He looks as if he's about to speak, but then he blows out a long breath instead. She can hear the exasperated _Carter_ as clearly as if he'd said it.

"I'm sorry. I shouldn't have – "

"Nah. It's not that." He waves a hand in dismissal of her apology. "Let's just say we're making some decisions that Elizabeth Weir is going to be unhappy with."

Another galaxy, another enemy, she thinks. Another reason to put off that sigh of relief she's beginning to think will never come. Resting her elbows on her knees, she raises an eyebrow as she looks sideways at him, but he shakes his head.

"Don't worry about it yet. Landry'll brief you in later this week. We'd like your input on a few points."

She casts her gaze up at the sky, then around the park; they're surrounded by open air and people they don't know, and obviously this is too complicated a subject to cover with a cipher based on the contents of a picnic basket. Her eyes fix on the game across the grass, where Vala and Teal'c now appear to be thoroughly trouncing Cam and Daniel.

"Could be fun," Jack says, tapping her knee with his closed fist. She turns to look at him, confused, and he jerks his head at the spectacle she's been watching, then climbs down off the table and holds out a hand. "Wanna go help the natives out?"
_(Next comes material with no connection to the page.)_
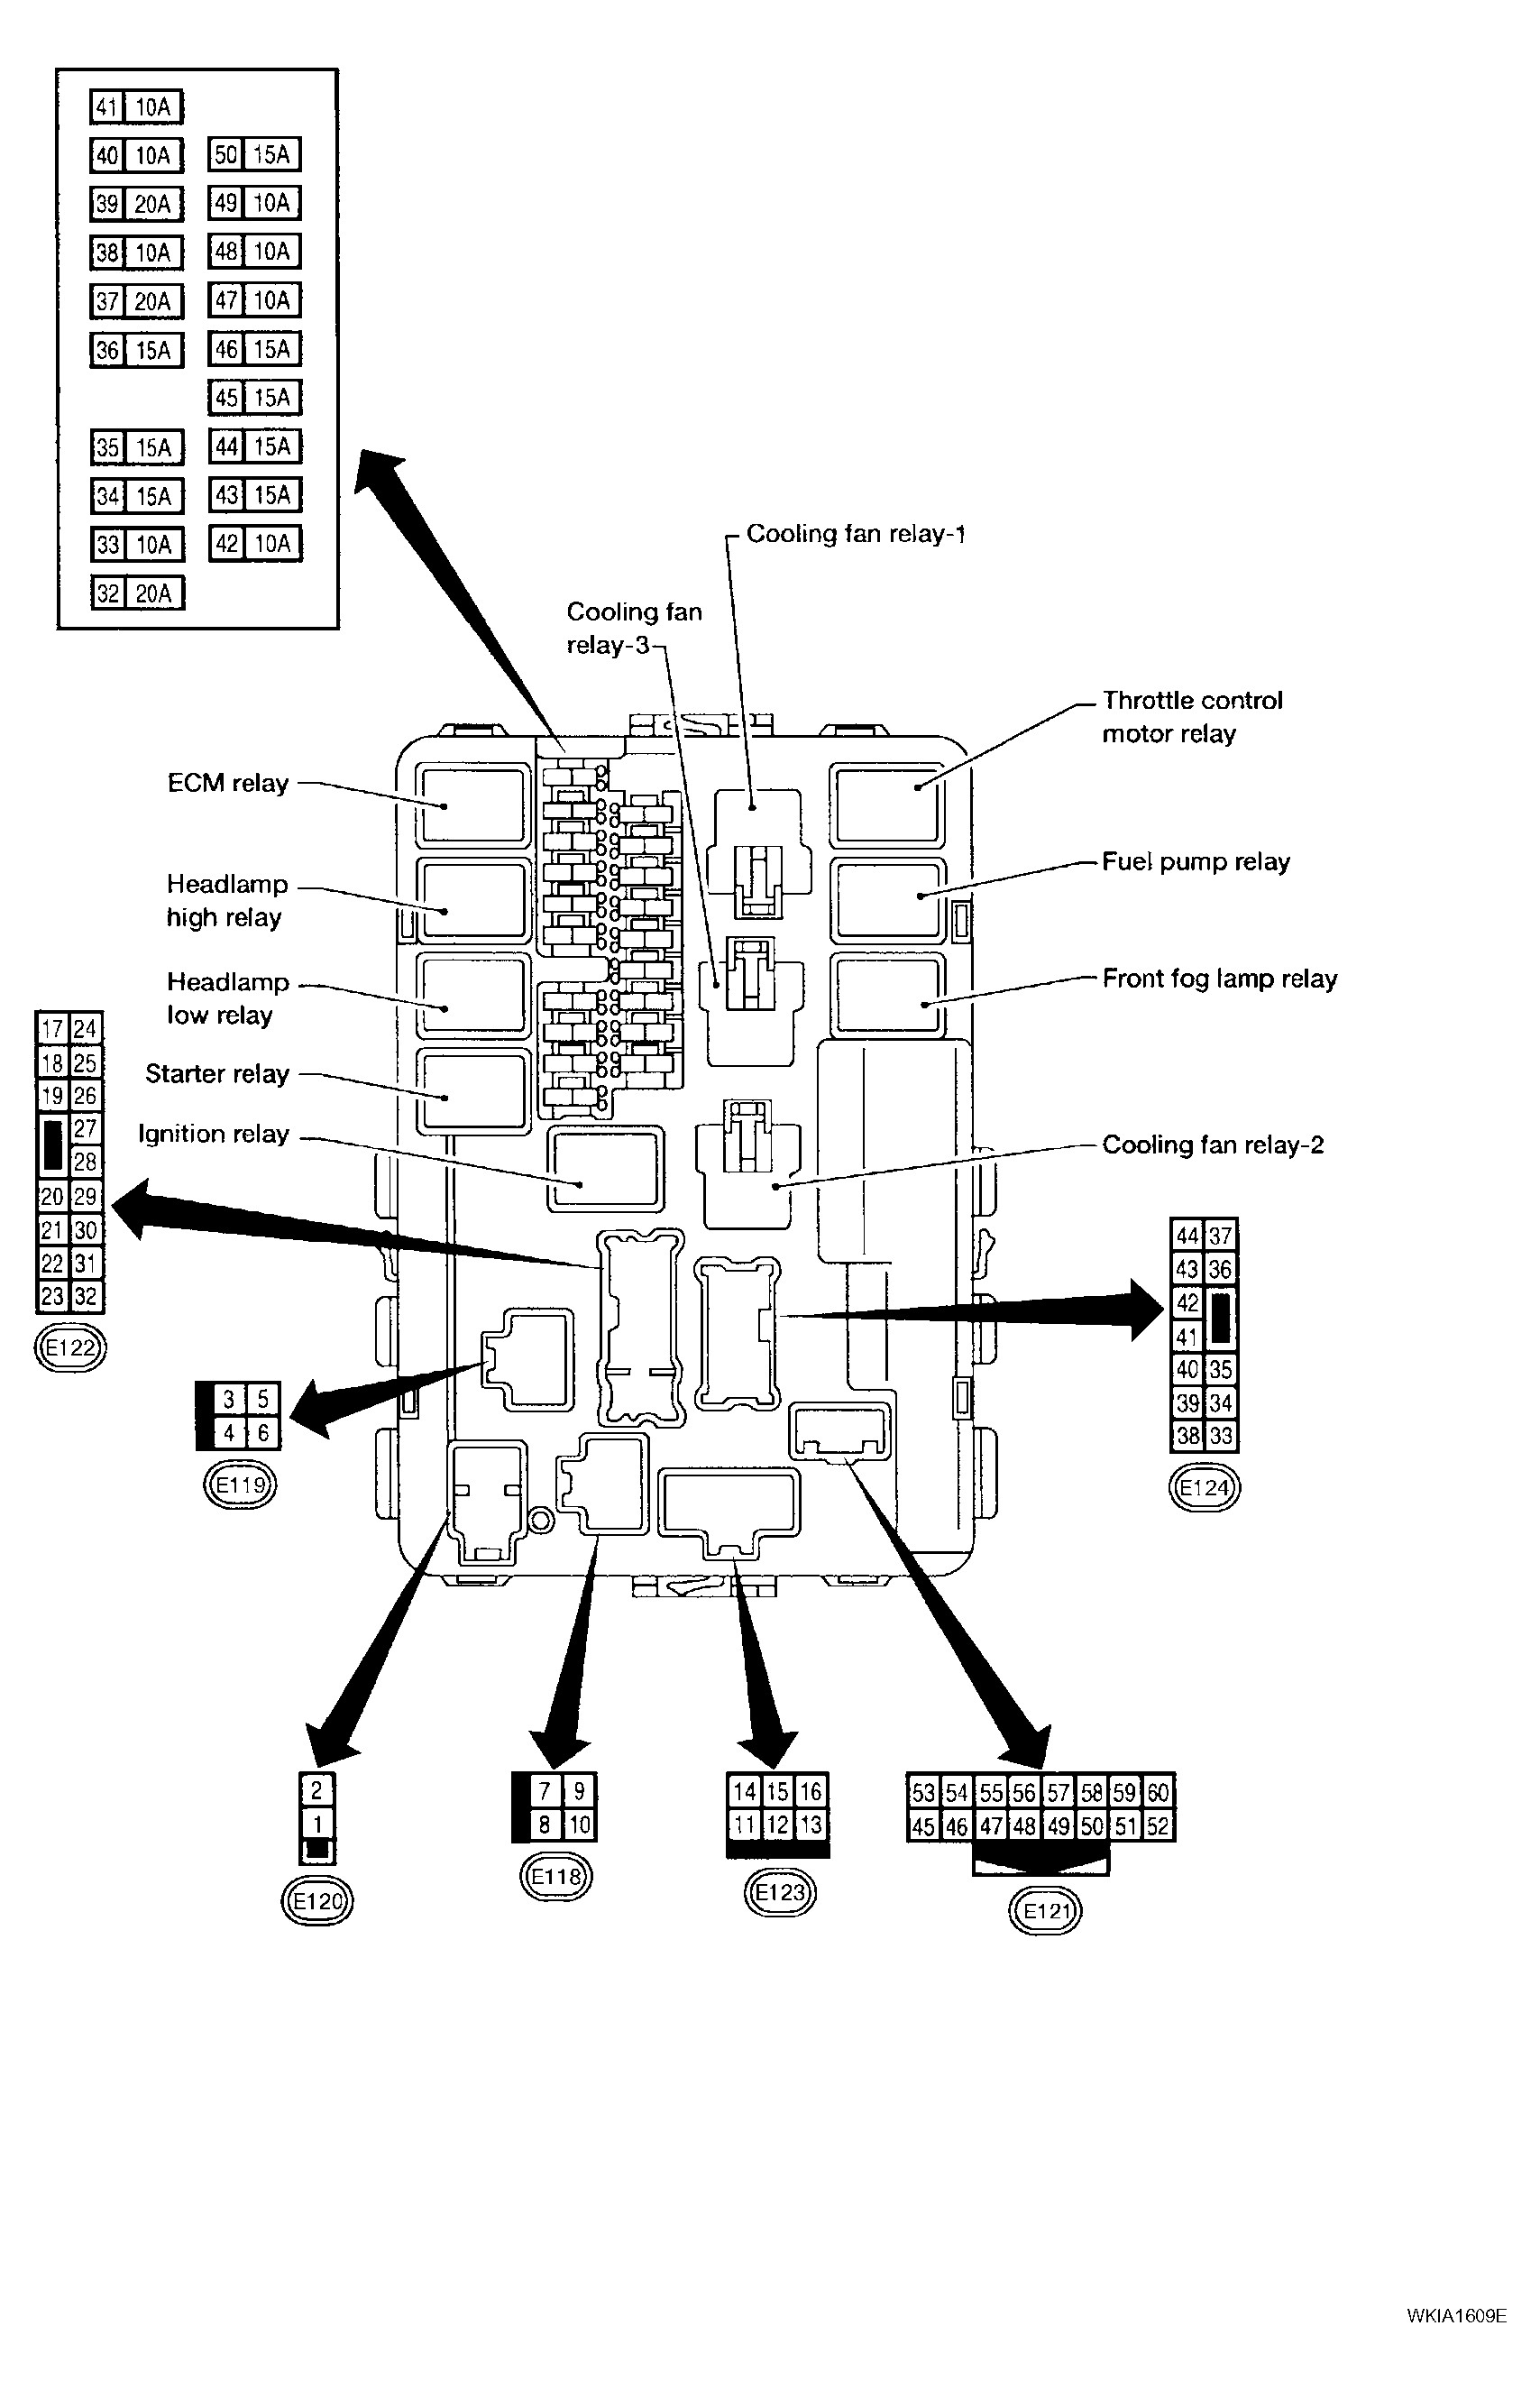 2000 Nissan Sentra Engine Diagram Nissan Maxima Engine Diagram Moreover Nissan Altima Engine Diagram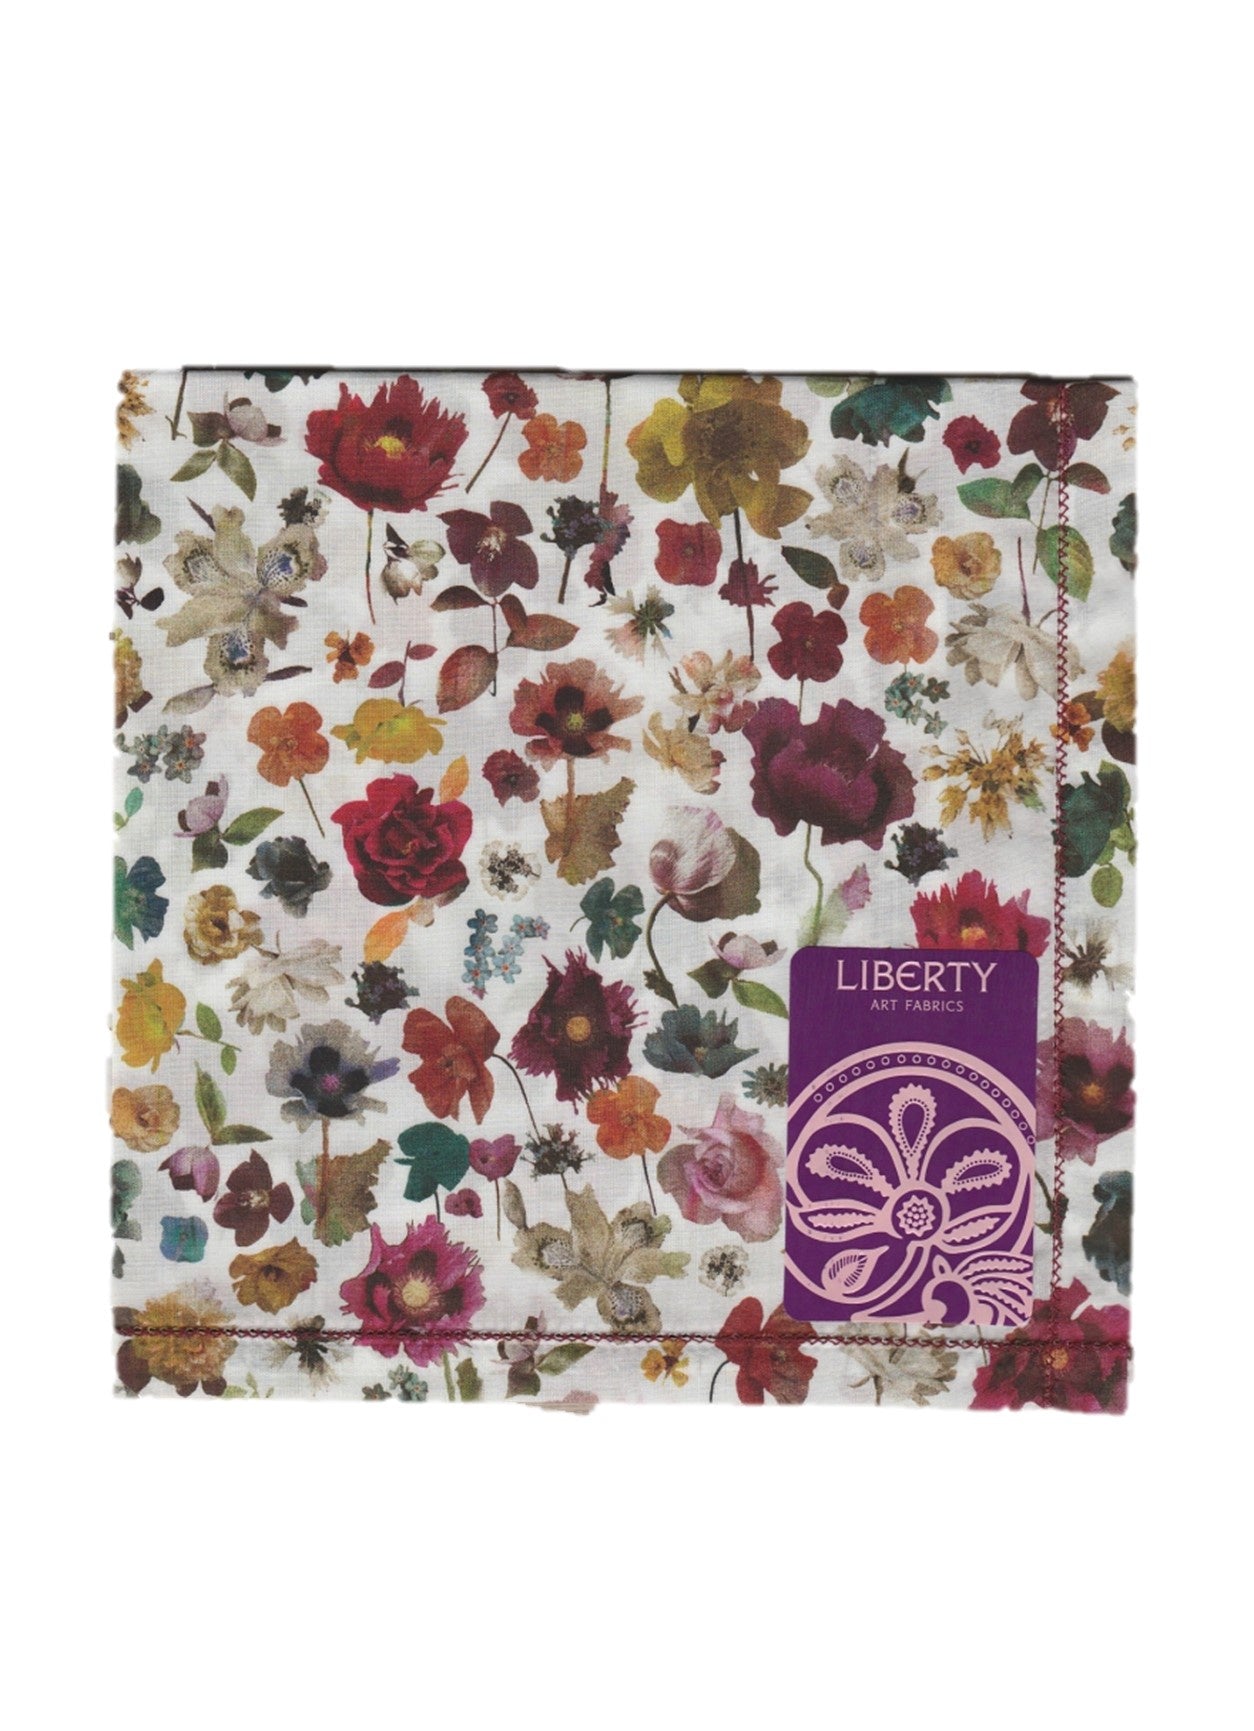 Handkerchief Liberty Art Fabric - Assorted Designs

Sam sighs, but takes his hand and allows him to draw her after him. "Oh, right," she says in an attempt to play along. "Give me the losing side."

He squeezes her fingers once, then drops her hand as they head across the field. "No, really. If you take them, and I play for the foreign team, that should about even the balance."

"See, I know that's not true," she says, turning her best Teal'c impression in his direction. "Because you'll cheat."

When he laughs, she remembers that they're supposed to be celebrating, and she tells herself that the little shadow in their conversation was simply a passing cloud and nothing to worry over.

But before she really knows what's happened, six weeks have passed, and she finds herself standing in Jack's kitchen, moments away from returning to Colorado for a brief stopover before leaving the SGC for her new posting in Atlantis.

"You sure you don't want me to come? See you off in grand fashion?"

She shakes her head.

"I could come to the Springs, at least."

"If you're that close to the gate, I don't think I'll be able to walk through it." The words come out in a rush, and she can't decide if it's the admission or the thought of his response that makes her nervous; but Jack only nods as he continues to clear the dishes from the table.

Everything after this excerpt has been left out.